● **Input for this task**
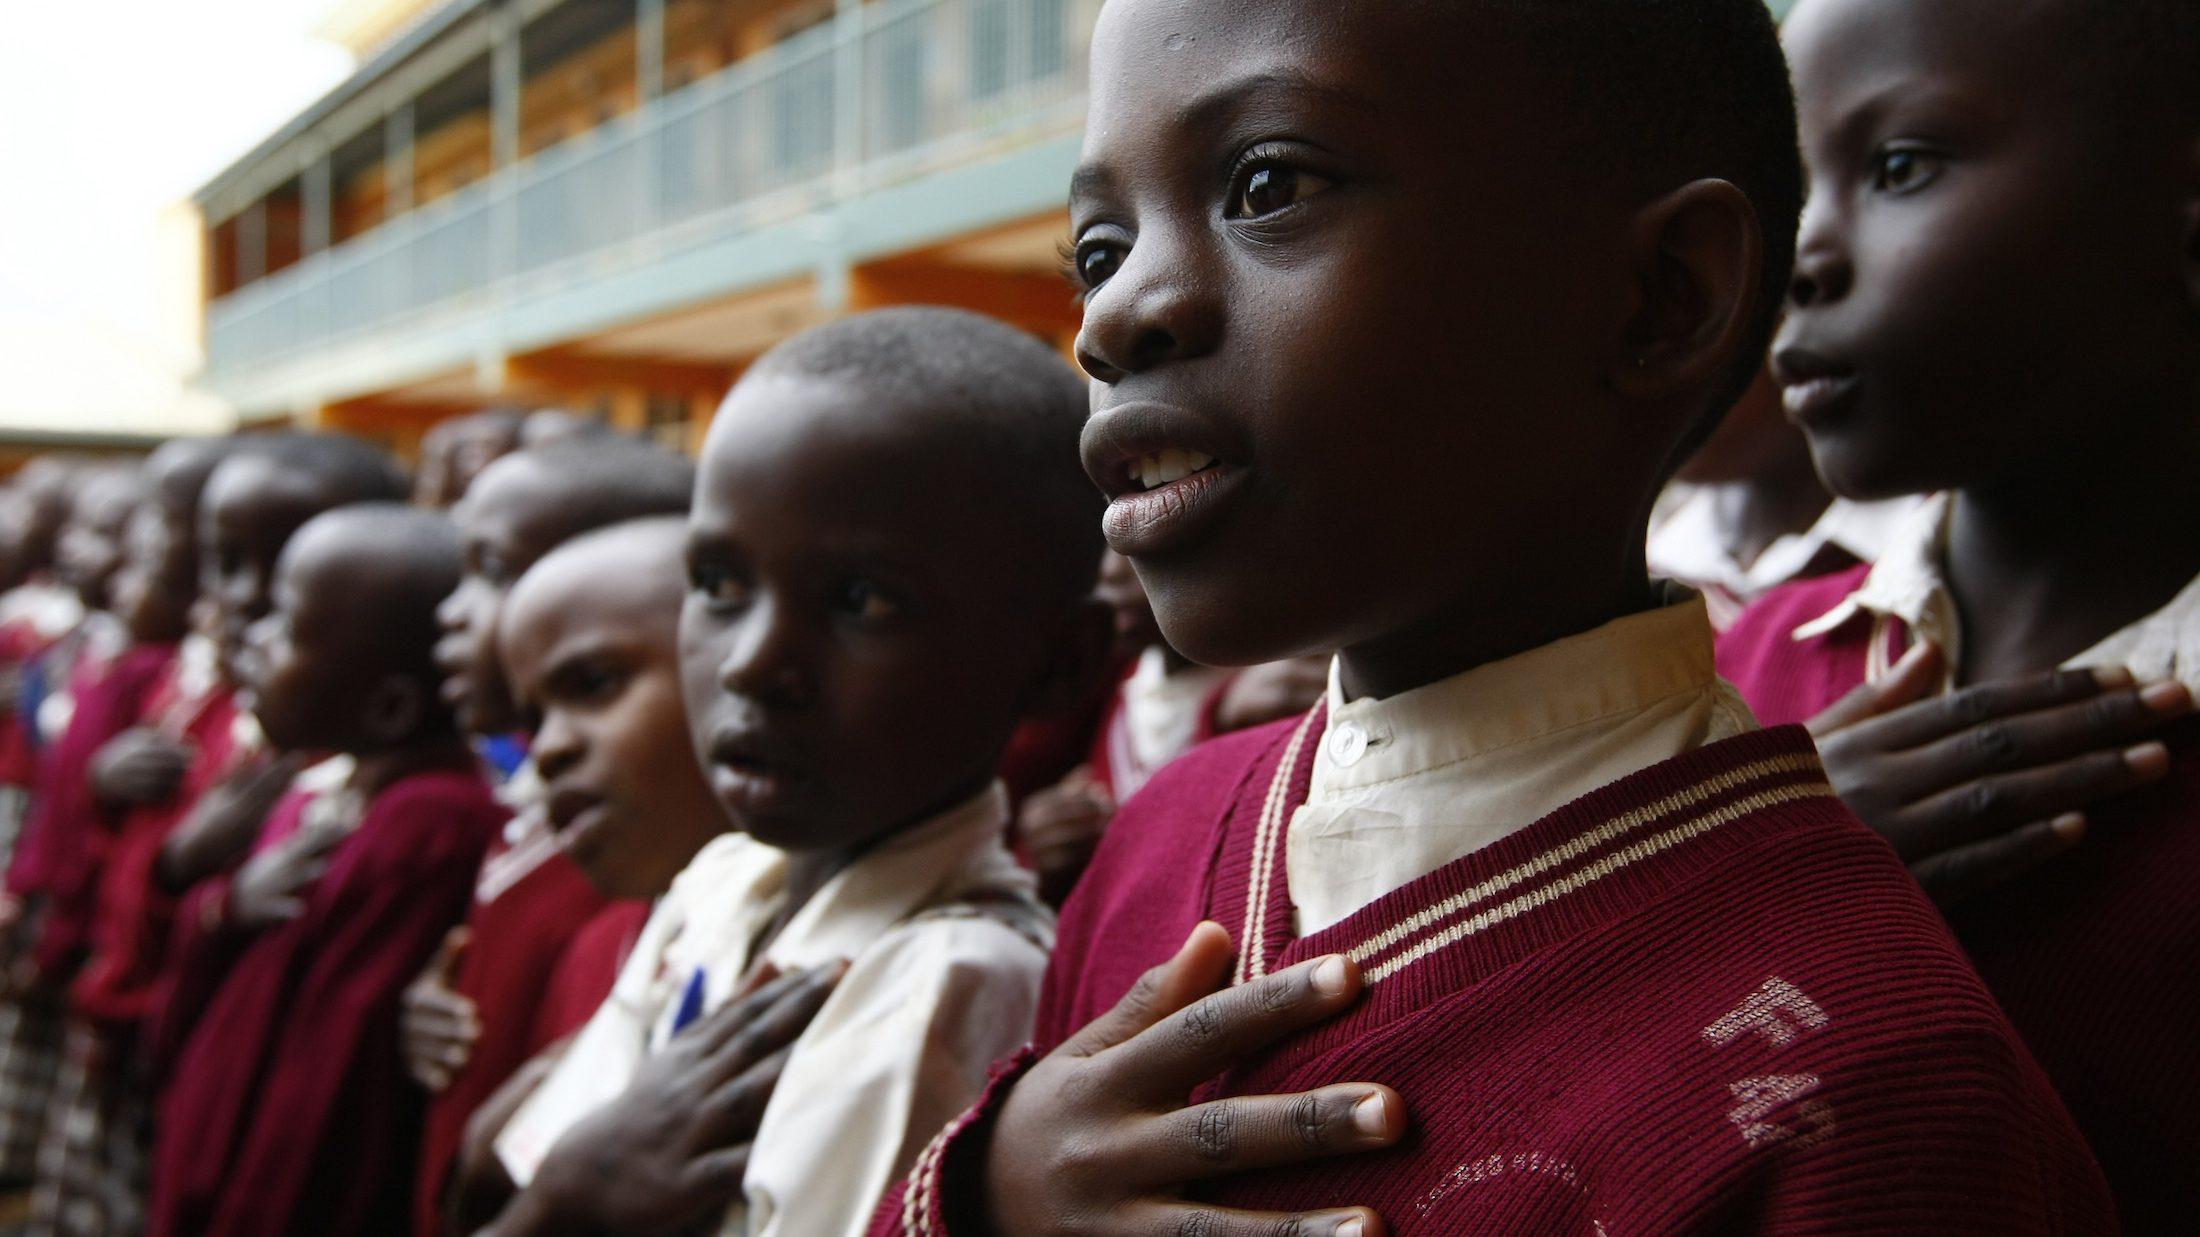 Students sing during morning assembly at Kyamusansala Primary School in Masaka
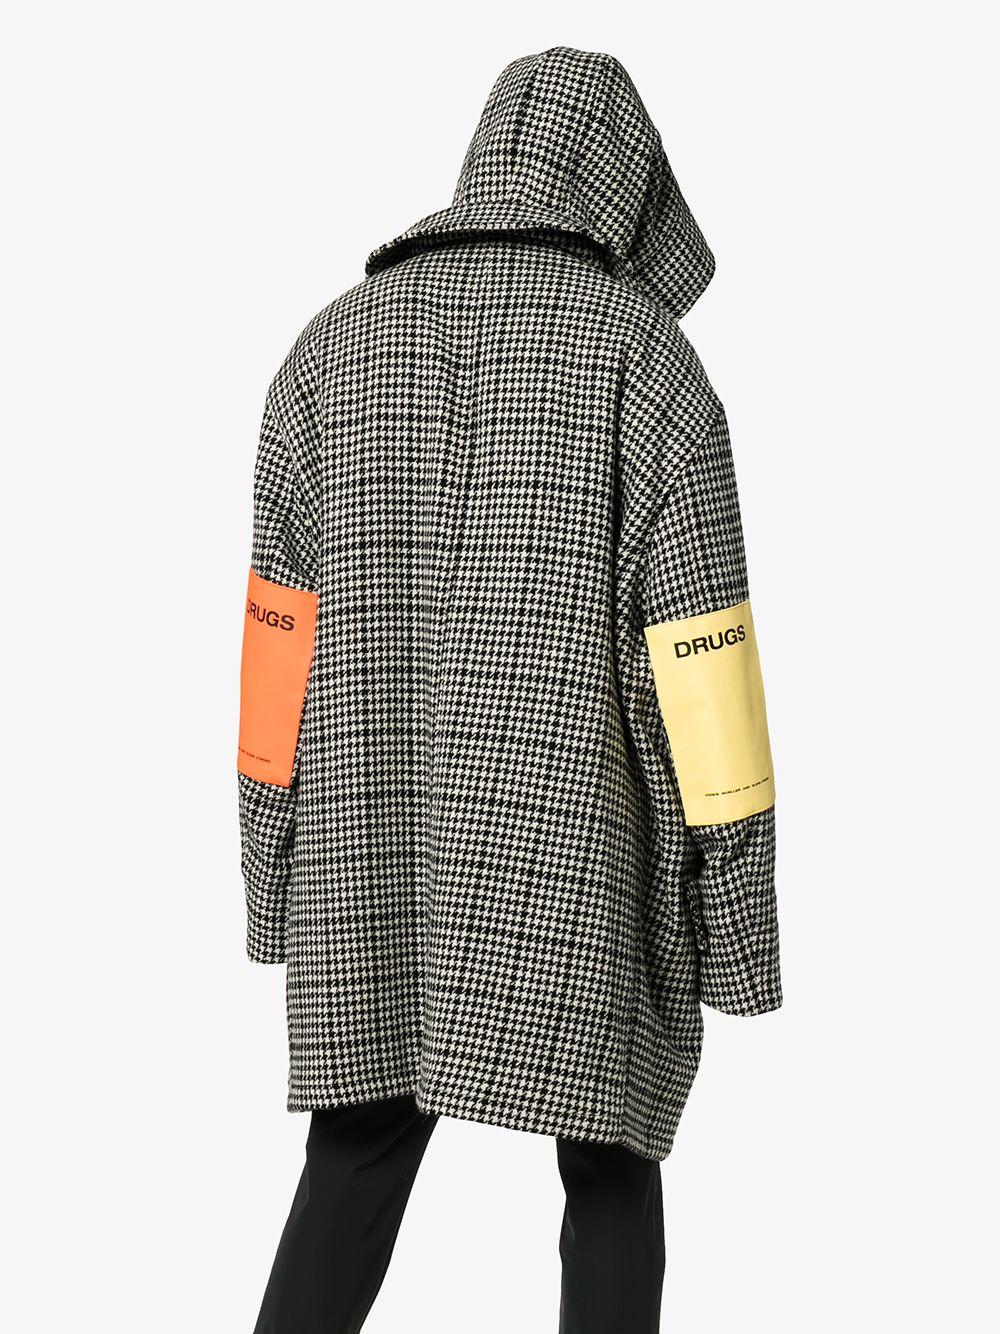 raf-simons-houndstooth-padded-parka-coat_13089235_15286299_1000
* * *
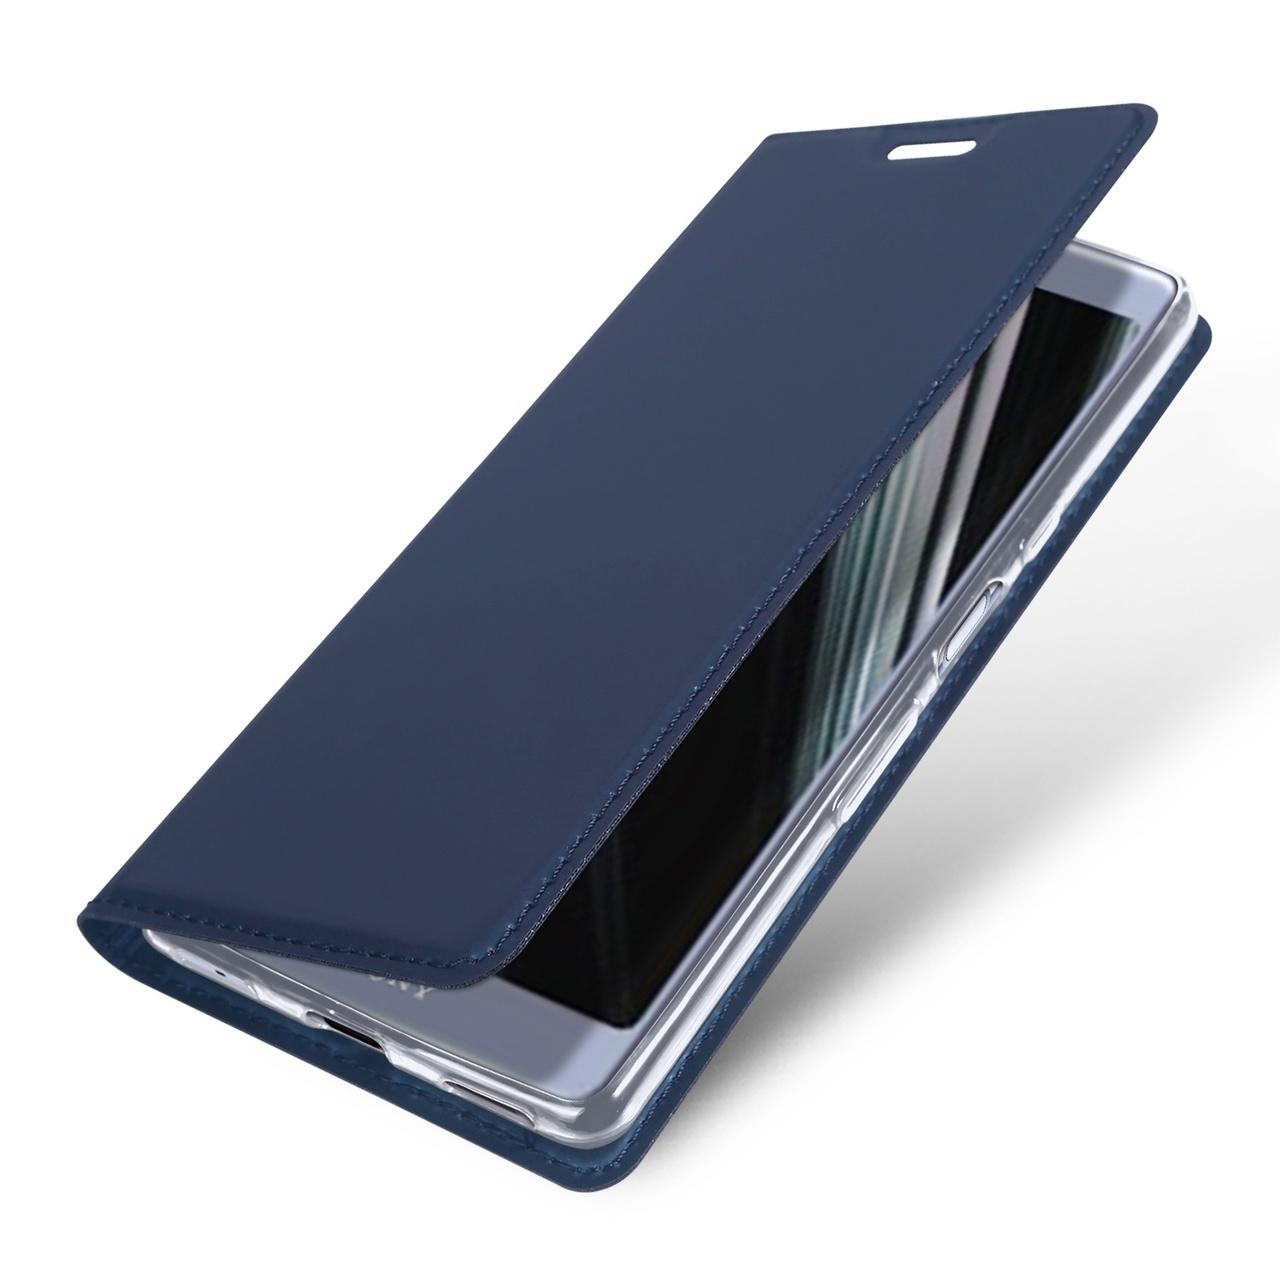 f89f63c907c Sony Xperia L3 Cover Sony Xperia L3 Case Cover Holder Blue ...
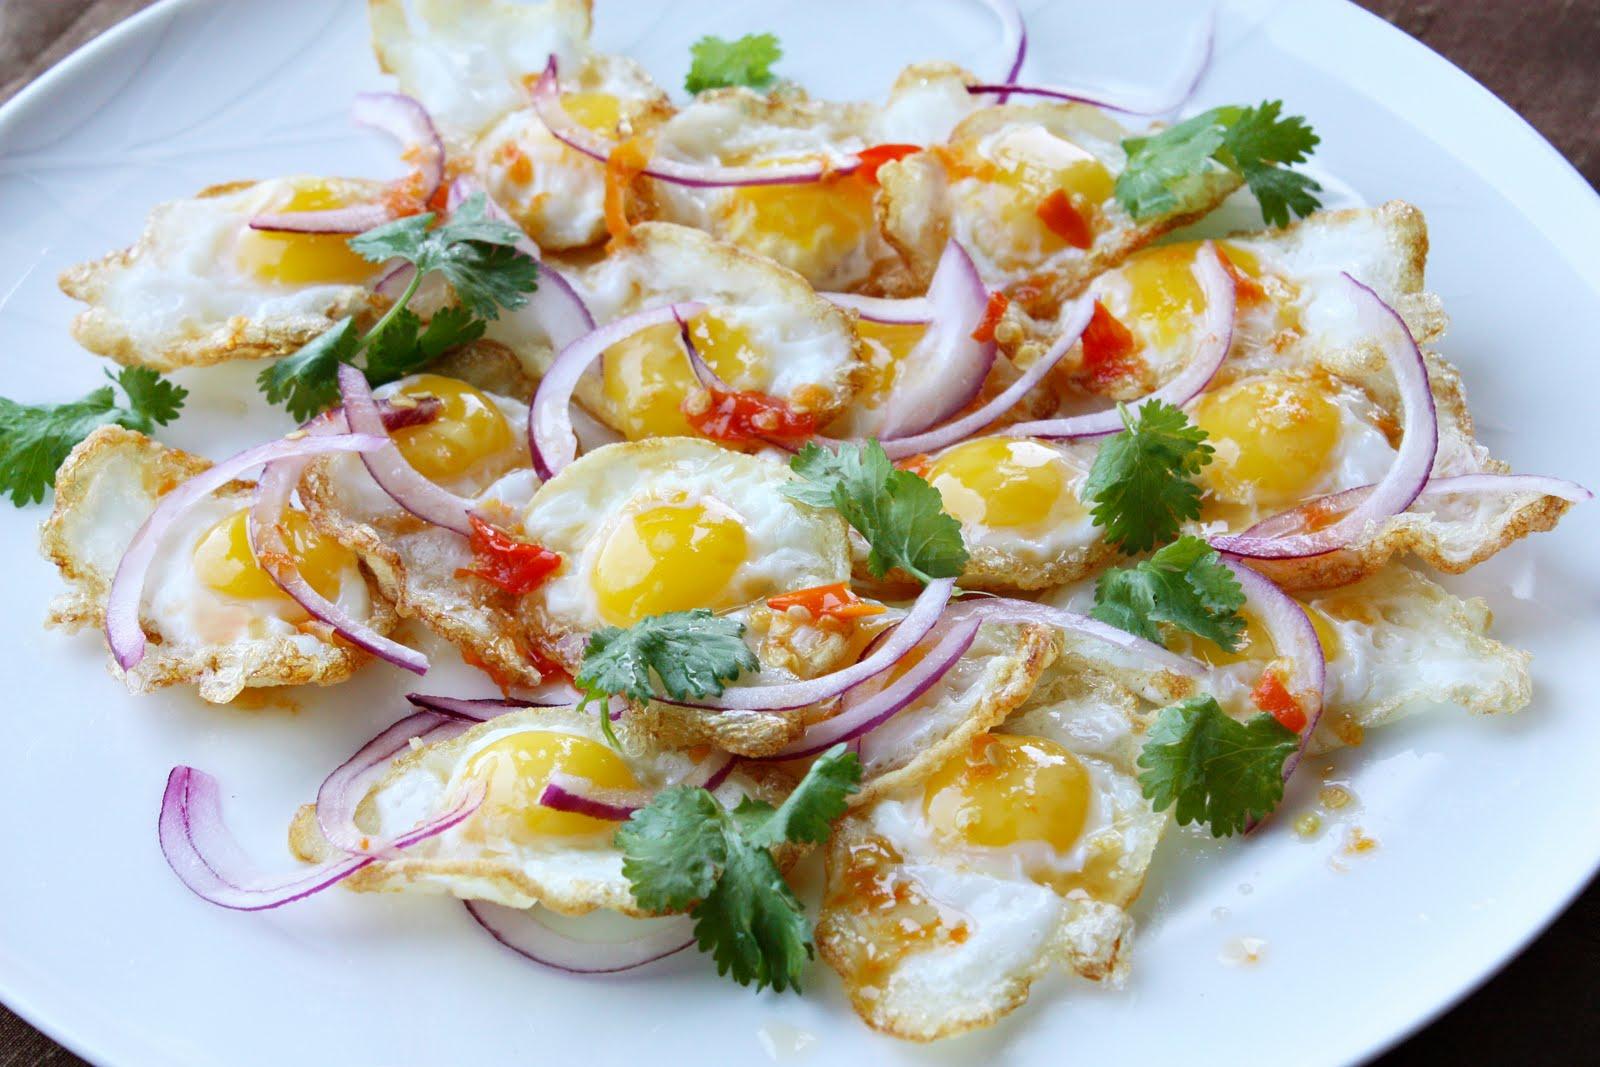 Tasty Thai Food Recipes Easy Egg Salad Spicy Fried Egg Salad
--
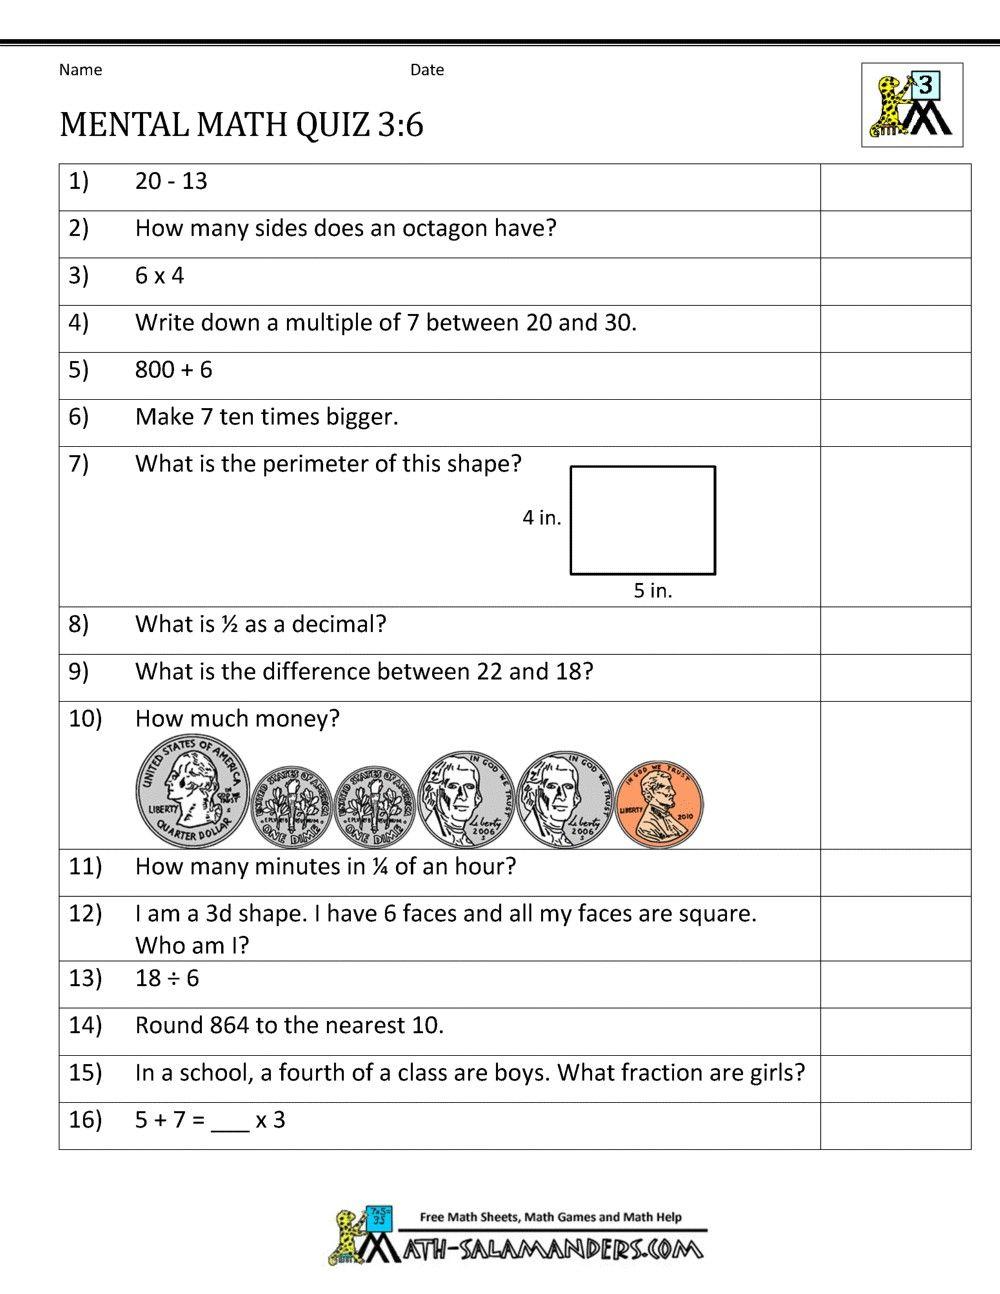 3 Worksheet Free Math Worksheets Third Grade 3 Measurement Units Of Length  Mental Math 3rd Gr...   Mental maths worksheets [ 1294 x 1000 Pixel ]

● **What you should do**
Taking the records above, print only and exactly the lines from the line with "Students sing during" to the line with "raf-simons-houndstooth-padded-parka-coat_13089235_15286299_1000", both kept, and exclude pictures.

● **Exercise result**
 Students sing during morning assembly at Kyamusansala Primary School in Masaka
 raf-simons-houndstooth-padded-parka-coat_13089235_15286299_1000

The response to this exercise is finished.